London House Prices Fall, Prompting U.K. Slowdown, Buyer Bribes

Aug. 16 (Bloomberg) -- Christian Holland, a fund manager at Cavendish Asset Management in London, set the asking price for his three-bedroom house in the southwest of the U.K. capital at 519,000 pounds ($940,000). Four months and two price cuts later, he's happy to accept an even lower offer.

``It's for 450,000 and I'm taking it,'' says Holland, 37, of the single bid he's received. ``The market is dreadful.''

London house prices, which more than tripled in the 10 years through June 2004, are falling, and they may bring a halt to the U.K.'s economic expansion under Prime Minister Tony Blair.
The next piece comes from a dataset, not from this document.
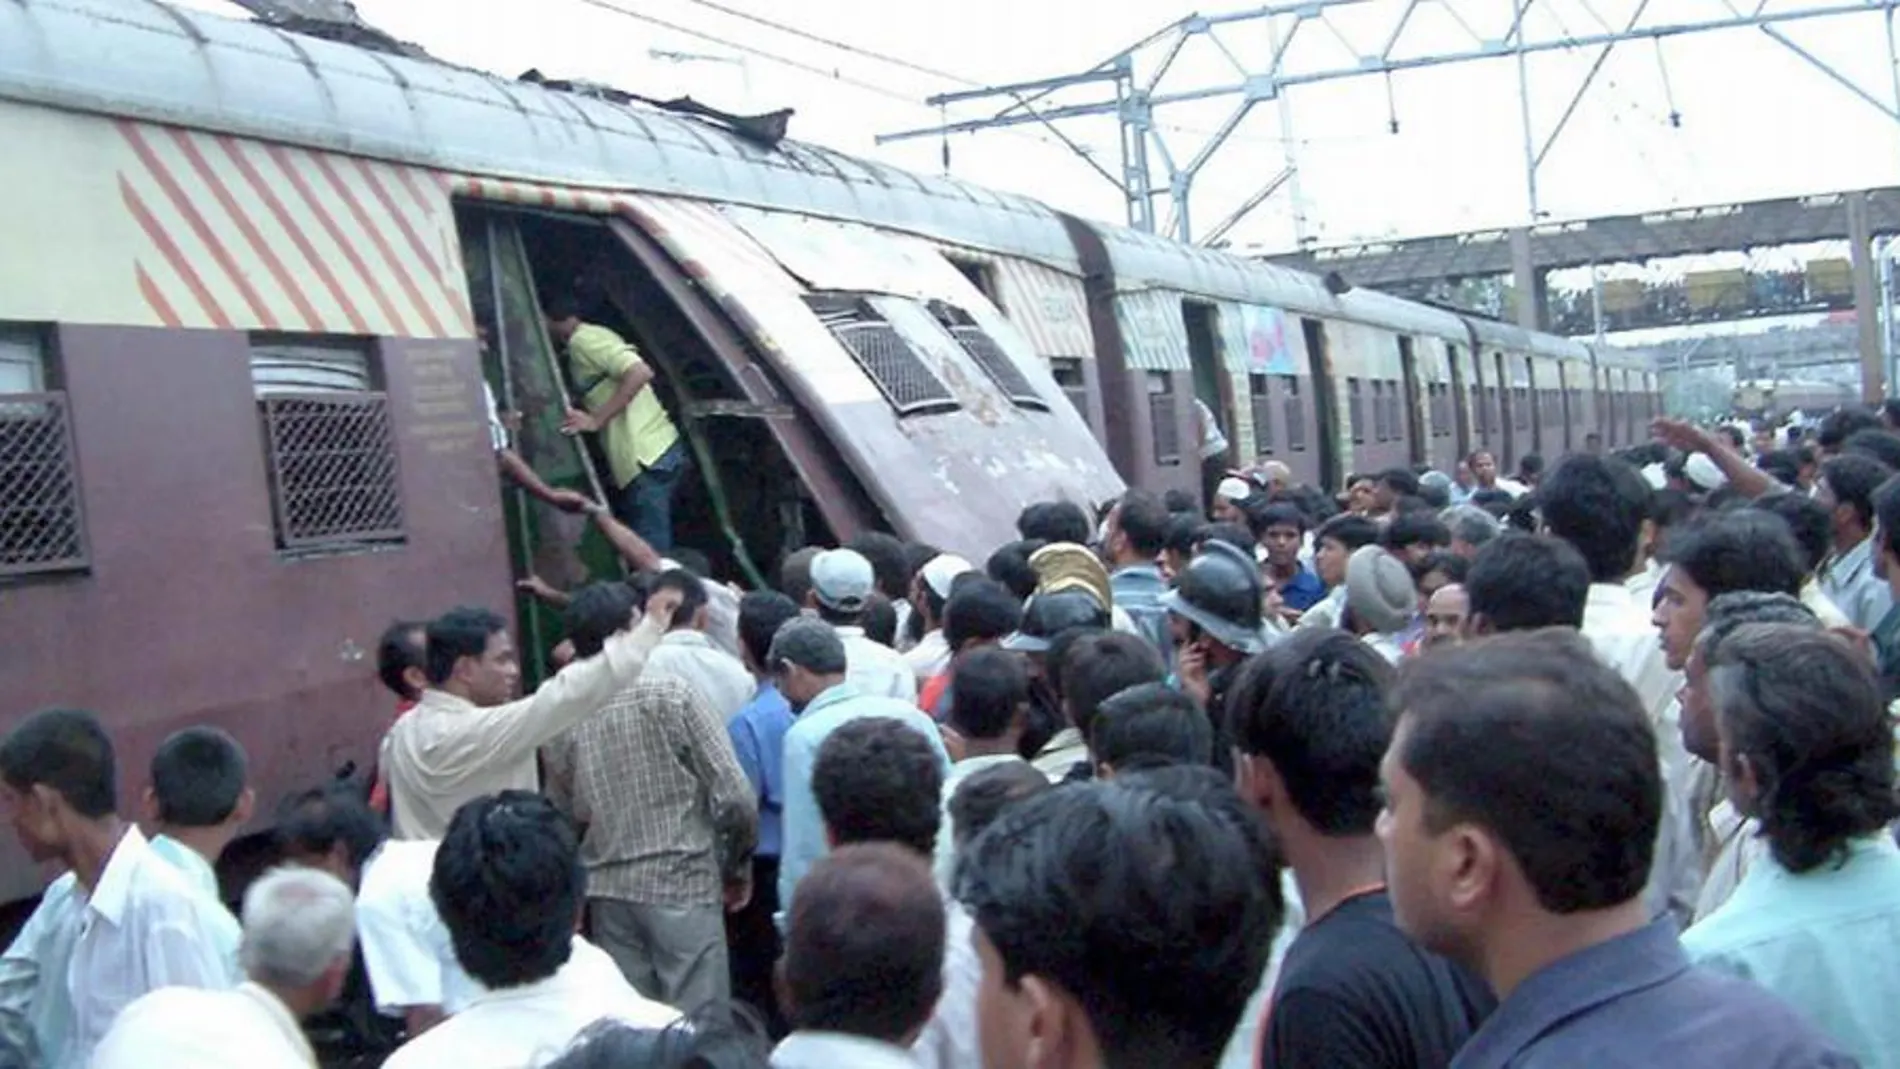 Al menos quince personas han muerto y otras 30 han resultado heridas como consecuencia de una estampida en una estación de tren en Bombay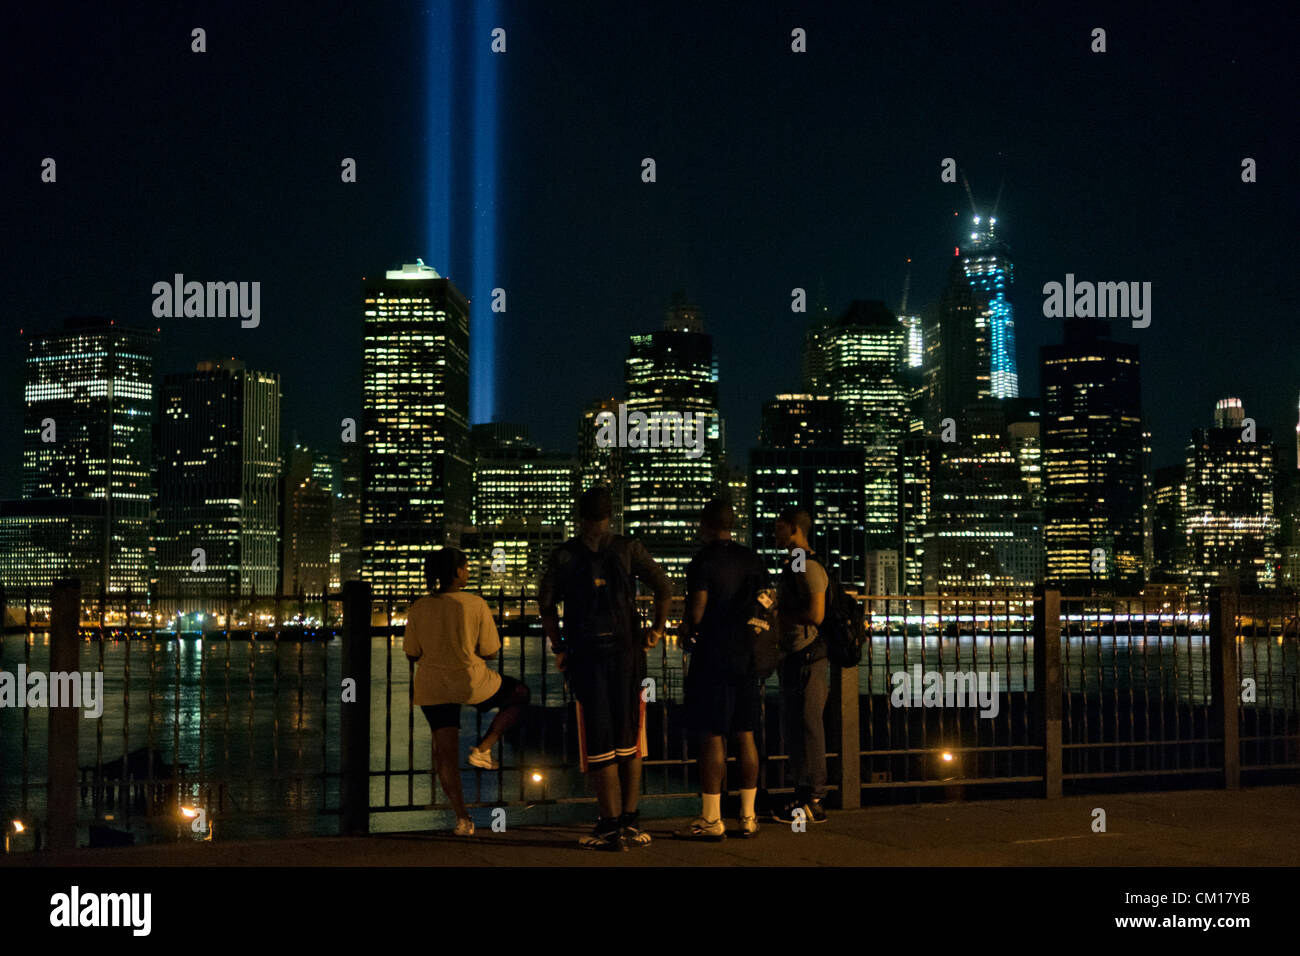 New York, Stati Uniti d'America. 11 settembre 2012. Persone si sono radunate sulla Passeggiata di Brooklyn Heights vicino a mezzanotte dell'undicesimo anniversario del 9/11 attacchi terroristici e guardato il tributo annuale in luce per le vittime. Foto Stock

Countrywide Plc, Britain's largest real estate company, has closed offices and cut its workforce. Developers such as George Wimpey Plc and Taylor Woodrow Plc are offering soccer tickets and property tax payments to entice new sales.

by Fran (fran at eurotrib dot com) on Sun Aug 21st, 2005 at 07:42:05 AM EST
Just to say that the Van Gogh paintings are really nice. Gives a very classy look to the page, too...
by afew (afew(a in a circle)eurotrib_dot_com) on Sun Aug 21st, 2005 at 08:22:53 AM EST
Since he painted 3 a day at his most frenetic, and they are public domain, I will definitely keep them comin'!! (I love his stuff)

"Once in awhile we get shown the light, in the strangest of places, if we look at it right" - Hunter/Garcia
by whataboutbob on Sun Aug 21st, 2005 at 01:22:38 PM EST
[ Parent ]
Two hours on horseback, a good rub down for the horse and a sausage sandwich and some coffee for me. As per usual,  the rain started two minutes after we got in the car to head home. It's spooky how often it does that.

Now to look forward cooking dinner for the in-laws.

by Colman (colman at eurotrib.com) on Sun Aug 21st, 2005 at 08:36:00 AM EST
The painting must be Van Gogh.  He is a genuis.